# Couple questions



## gridlockd (Apr 19, 2012)

I am a total greenhorn when it comes to resawing/milling. 'nuff said. 

I have been fortunate enough to get some really nice logs with some good figuring/spalting and I want to maximize the usable timber. 
So far I have been fumbling my way through cutting blanks with my standard homeowner chainsaw and trying to clean up the cuts with my bandsaw and joiner. Is there a better way to go about this? there is nobody anywhere close to me that i know of that has a portable mill, else i would call them. 

I am mostly interested in bowl blanks, i have been making pen blanks and stopper blanks with the offcuts. I'd like to be able to make some nice enough blanks that i could offer some up for trade here, but so far my milling and resawing has been nothing short of embarrasing. 

Any tips or helpful hints from you veterans is most appreciated!


----------



## Mike1950 (Apr 19, 2012)

How many logs do you have? How big? If you are trying to rip with that chain saw do you have a rip chain for It? I know a lot of??? and no answers. If you have enough logs -and big enough I would fine a sawyer.
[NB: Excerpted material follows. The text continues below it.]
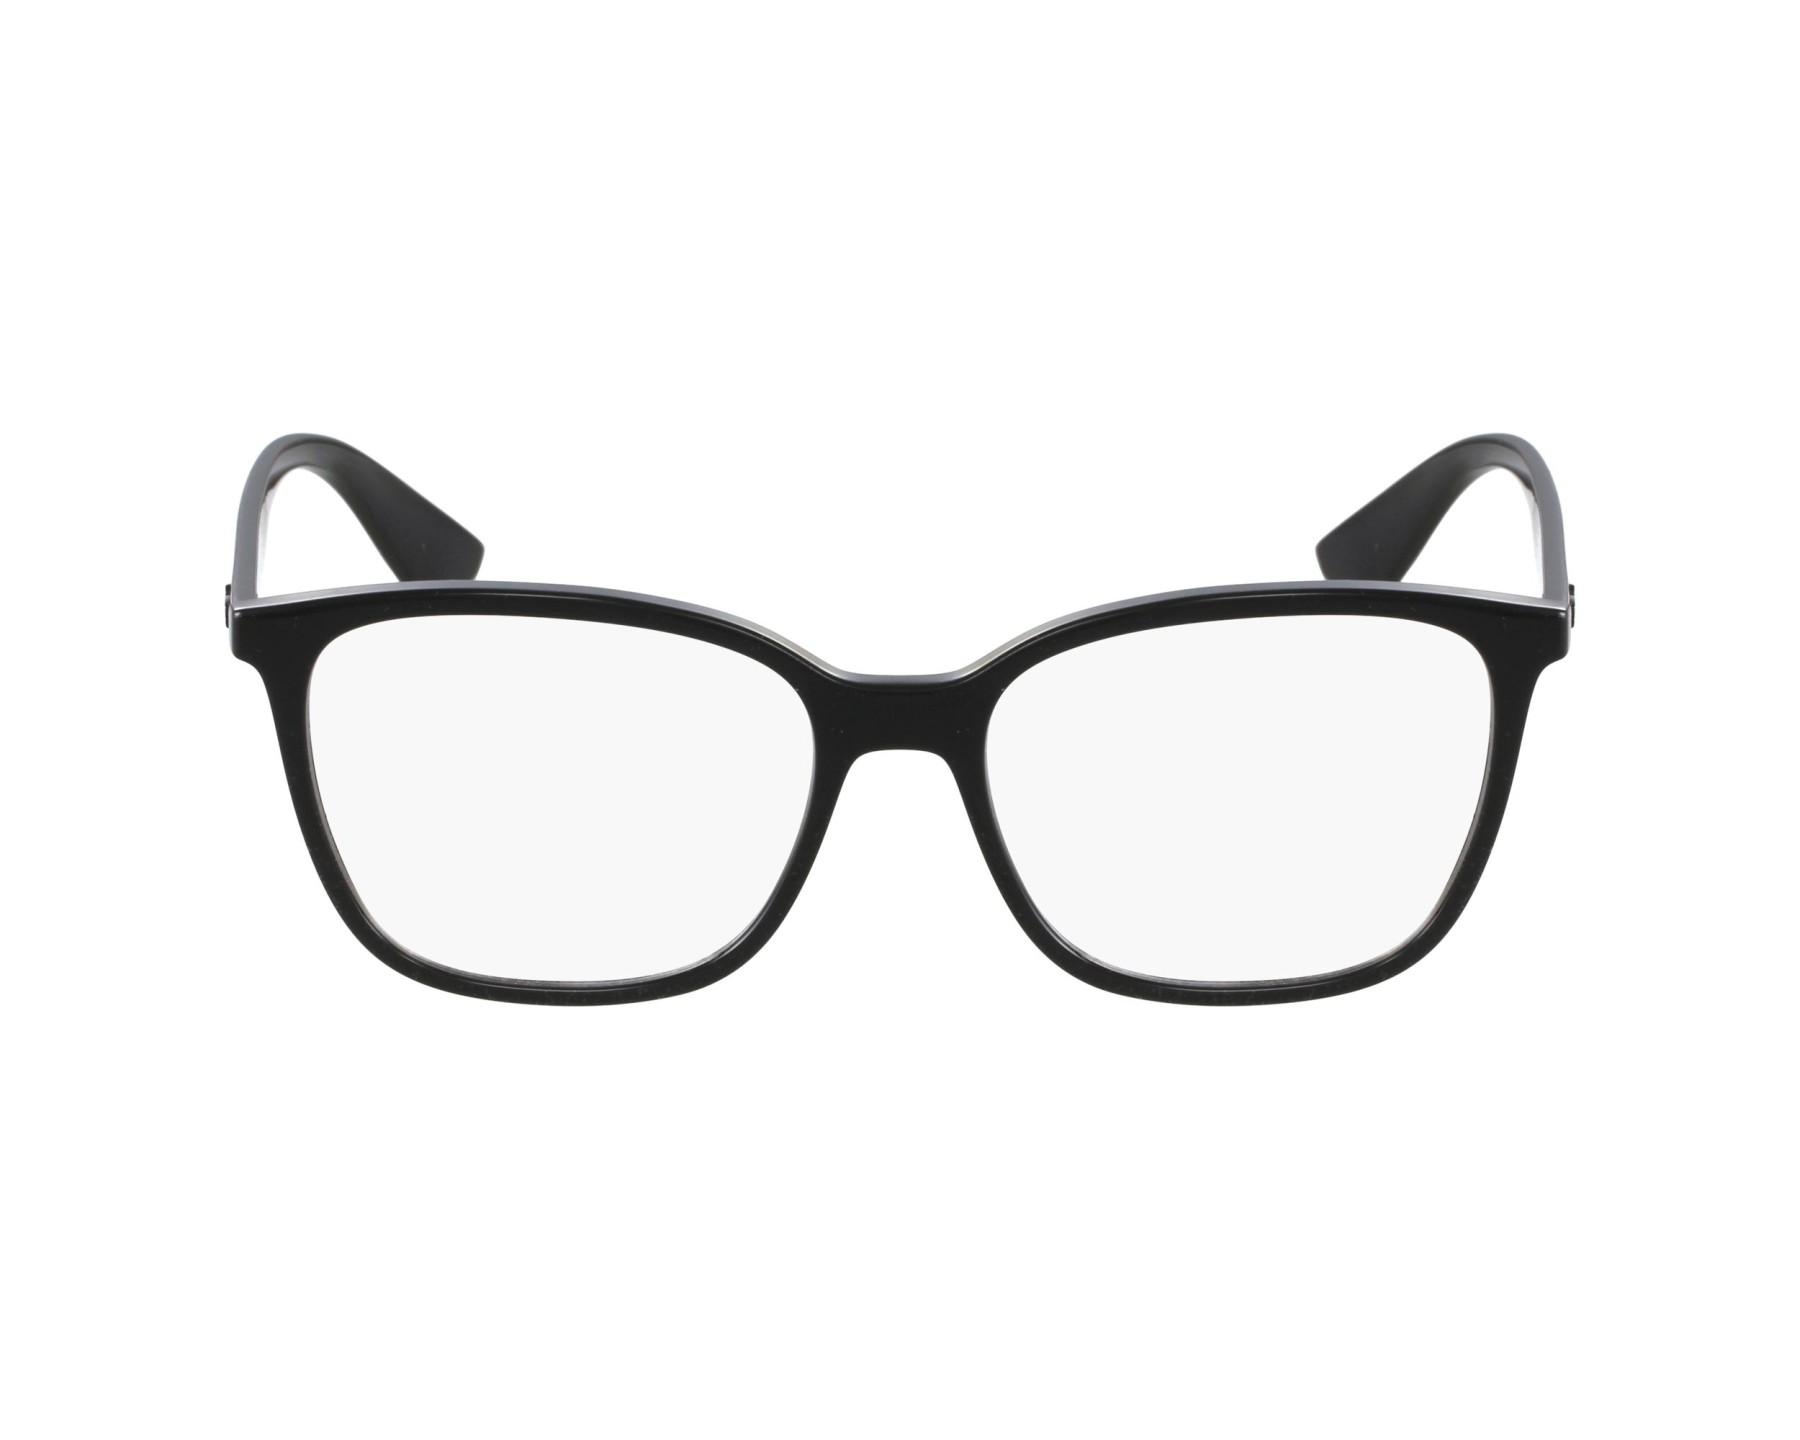 eyeglasses Ray-Ban RX-7066 2000 - Black profile view 53a8e94b30f

If not Practice and show what you cut cause nobody that has done it is going to laugh-we all have been there or cannot remember when we were!!!


----------



## West River WoodWorks (Apr 19, 2012)

Here is what I use to break down 2' length logs on my 14" bandsaw with a 6" riser block. Its called the Carter log mill.
[attachment=4444]
It works really well, and is much safer then free hand chain saw milling! Safety first!
Tom



gridlockd said:


> I am a total greenhorn when it comes to resawing/milling. 'nuff said.
> 
> I have been fortunate enough to get some really nice logs with some good figuring/spalting and I want to maximize the usable timber.
> So far I have been fumbling my way through cutting blanks with my standard homeowner chainsaw and trying to clean up the cuts with my bandsaw and joiner. Is there a better way to go about this? there is nobody anywhere close to me that i know of that has a portable mill, else i would call them.
> ...


----------



## gridlockd (Apr 19, 2012)

West River WoodWorks said:


> Here is what I use to break down 2' length logs on my 14" bandsaw with a 6" riser block. Its called the Carter log mill.
> 
> It works really well, and is much safer then free hand chain saw milling! Safety first!
> Tom



I like that! I bet I make something similar that will suffice. Thanks, i didn't even think about something like this!


----------



## brown down (Apr 19, 2012)

West River WoodWorks said:


> Here is what I use to break down 2' length logs on my 14" bandsaw with a 6" riser block. Its called the Carter log mill.
> 
> It works really well, and is much safer then free hand chain saw milling! Safety first!
> Tom
> ...



that is about what i have, but i made my sled. key is not letting the log move or you will trash your blade. also you want to get an aggressive blade meant for cutting GREEN TIMBER OR LARGE cuts or you will also trash your blade. watch your resin build up on your blade/ bearings/ wheels. they can be easily cleaned with spray nine or any household cleaner. resin build up will also trash your blade, it creates excessive heat and not what you want when re-sawing! If you get a good blade resin build up should be at a minimum!!!


----------



## Kalai (Apr 20, 2012)

I turn hundreds and hundreds of bowls and even more pens. When I am cutting bowl blanks I will use my chain saw for the irregular or short pieces, for logs I use my Woodmizer. Befor I got my mill all I used was my chain saw to cut the bowl blanks and then I would use my bandsaw or tablesaw to make the pen blanks.
I have seen plans to make an Alaska type chain saw mill, that would work too.
I do like that Carter log mill, I have never seen that and it looks like it sorks very well. Aloha.

Kalai


----------